**ABOUT THIS EXERCISE**: Write out the listing below exactly, and omit any images you find in it.

**DATA PROVIDED**:
- - - - -
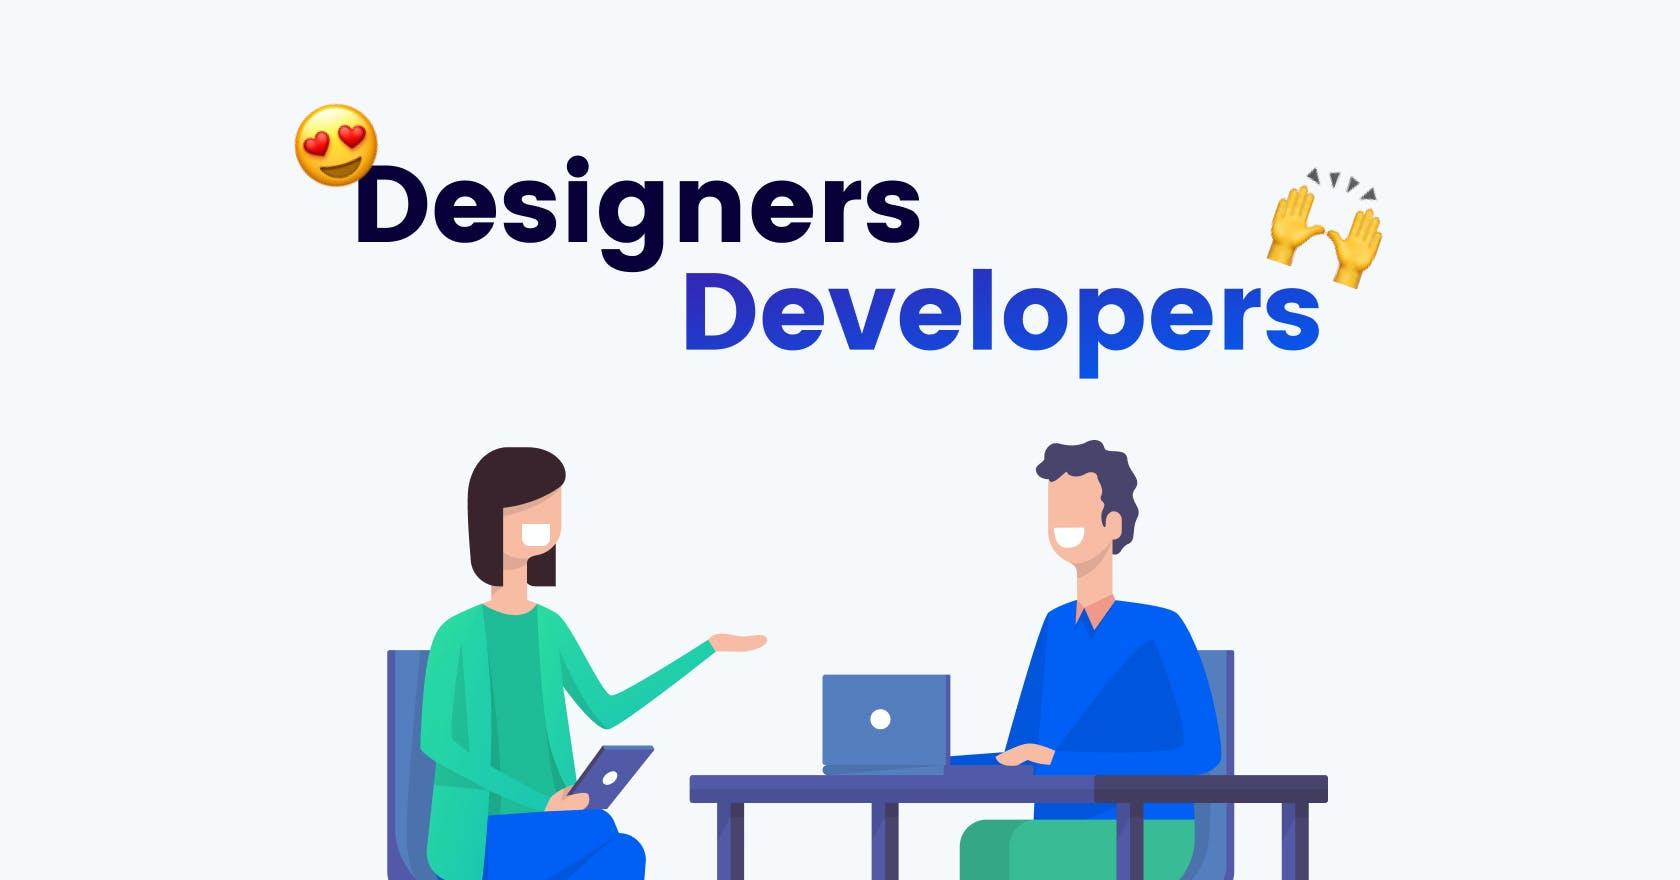 Illustration of a designer and developer collaborating together on an application
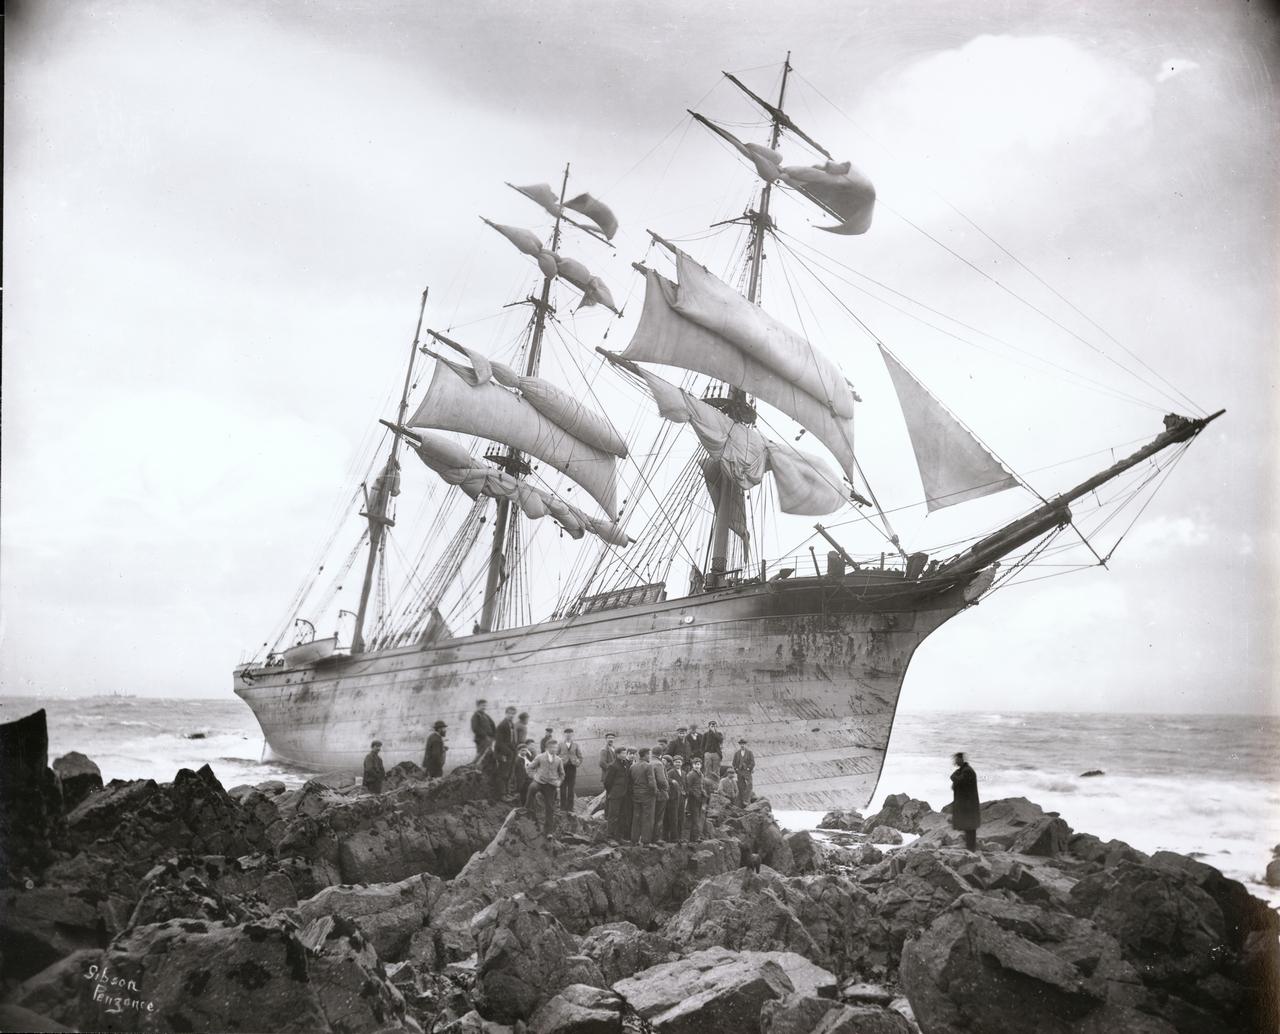 sothebysallasta-le-foto-storiche-di-grandi-naufragi-della-collezione-gibsons-of-scilly_0_1004
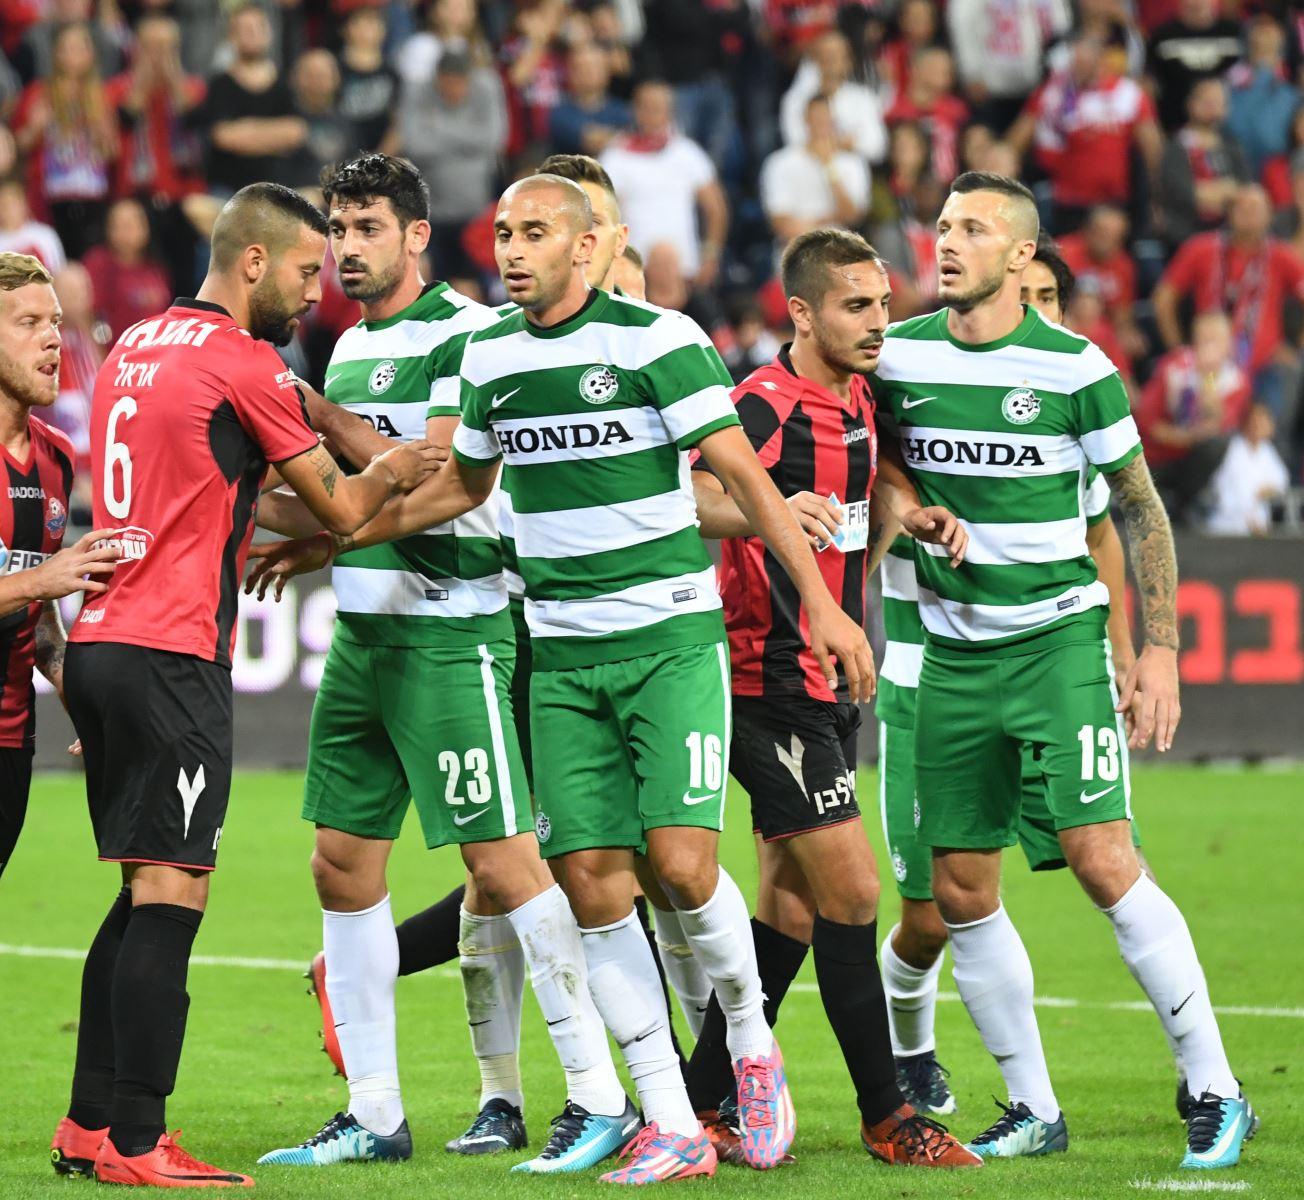 מכבי חיפה מפסידה 1:0 להפועל חיפה
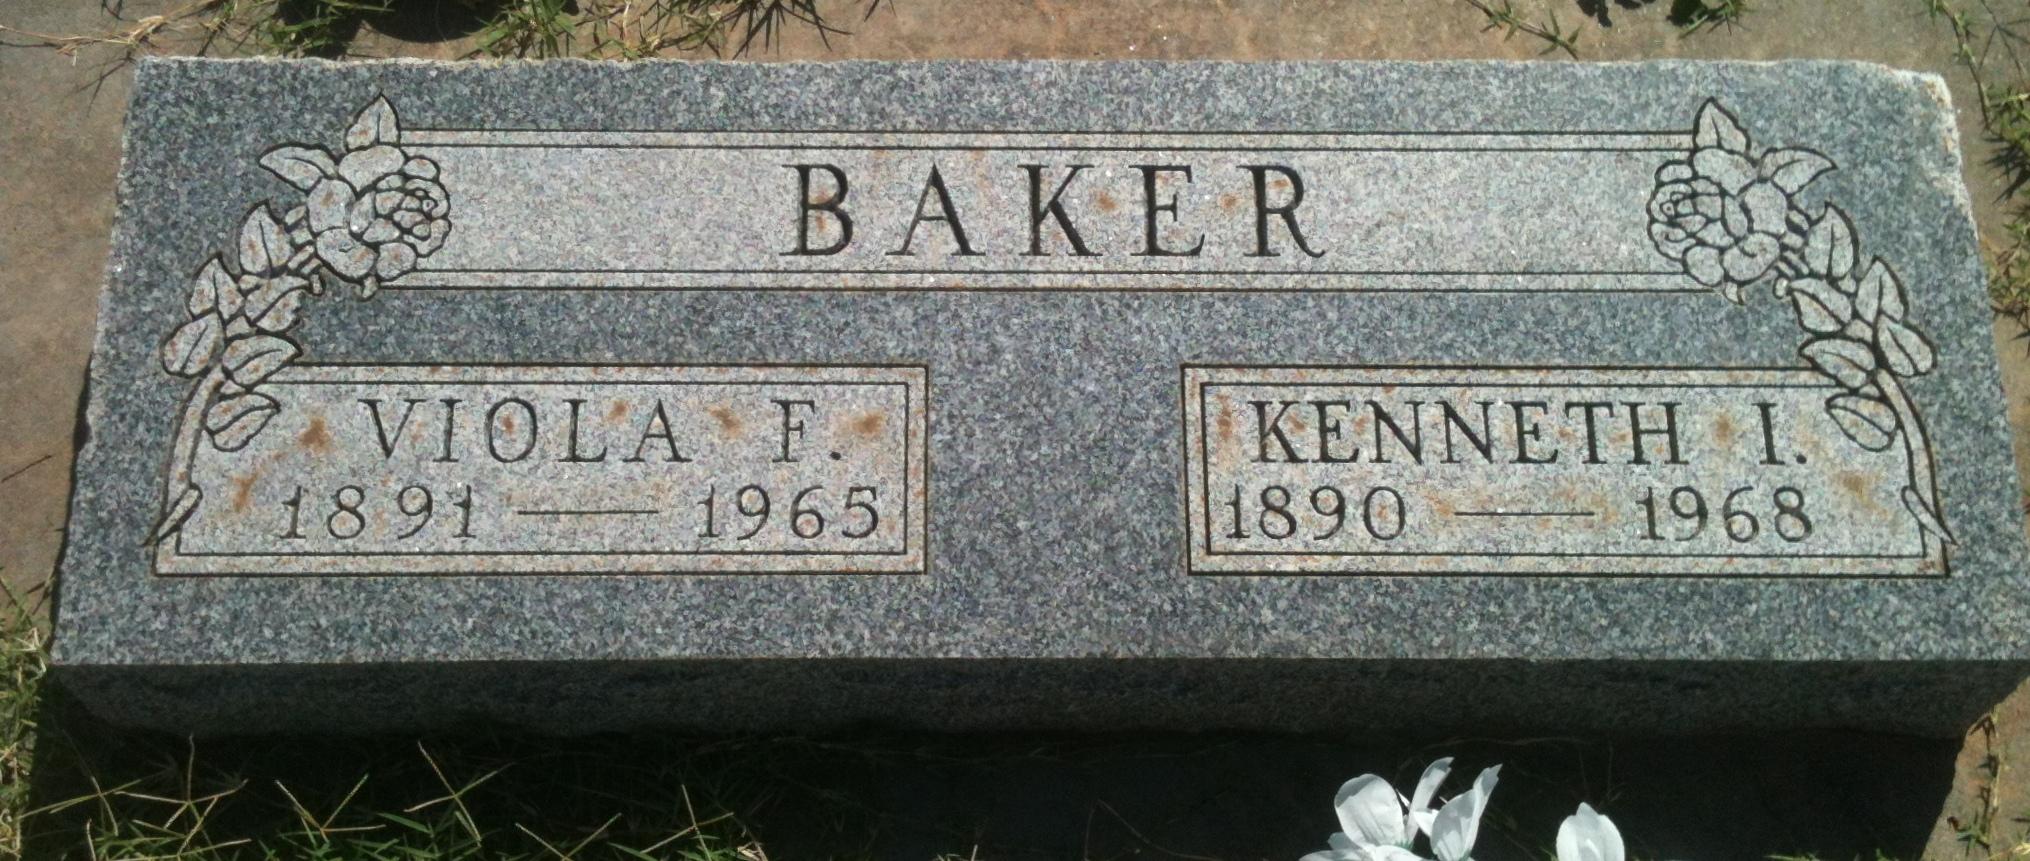 Viola F. Baker
- - - - -
**RESPONSE**:
 Illustration of a designer and developer collaborating together on an application
 sothebysallasta-le-foto-storiche-di-grandi-naufragi-della-collezione-gibsons-of-scilly_0_1004
 מכבי חיפה מפסידה 1:0 להפועל חיפה
 Viola F. Baker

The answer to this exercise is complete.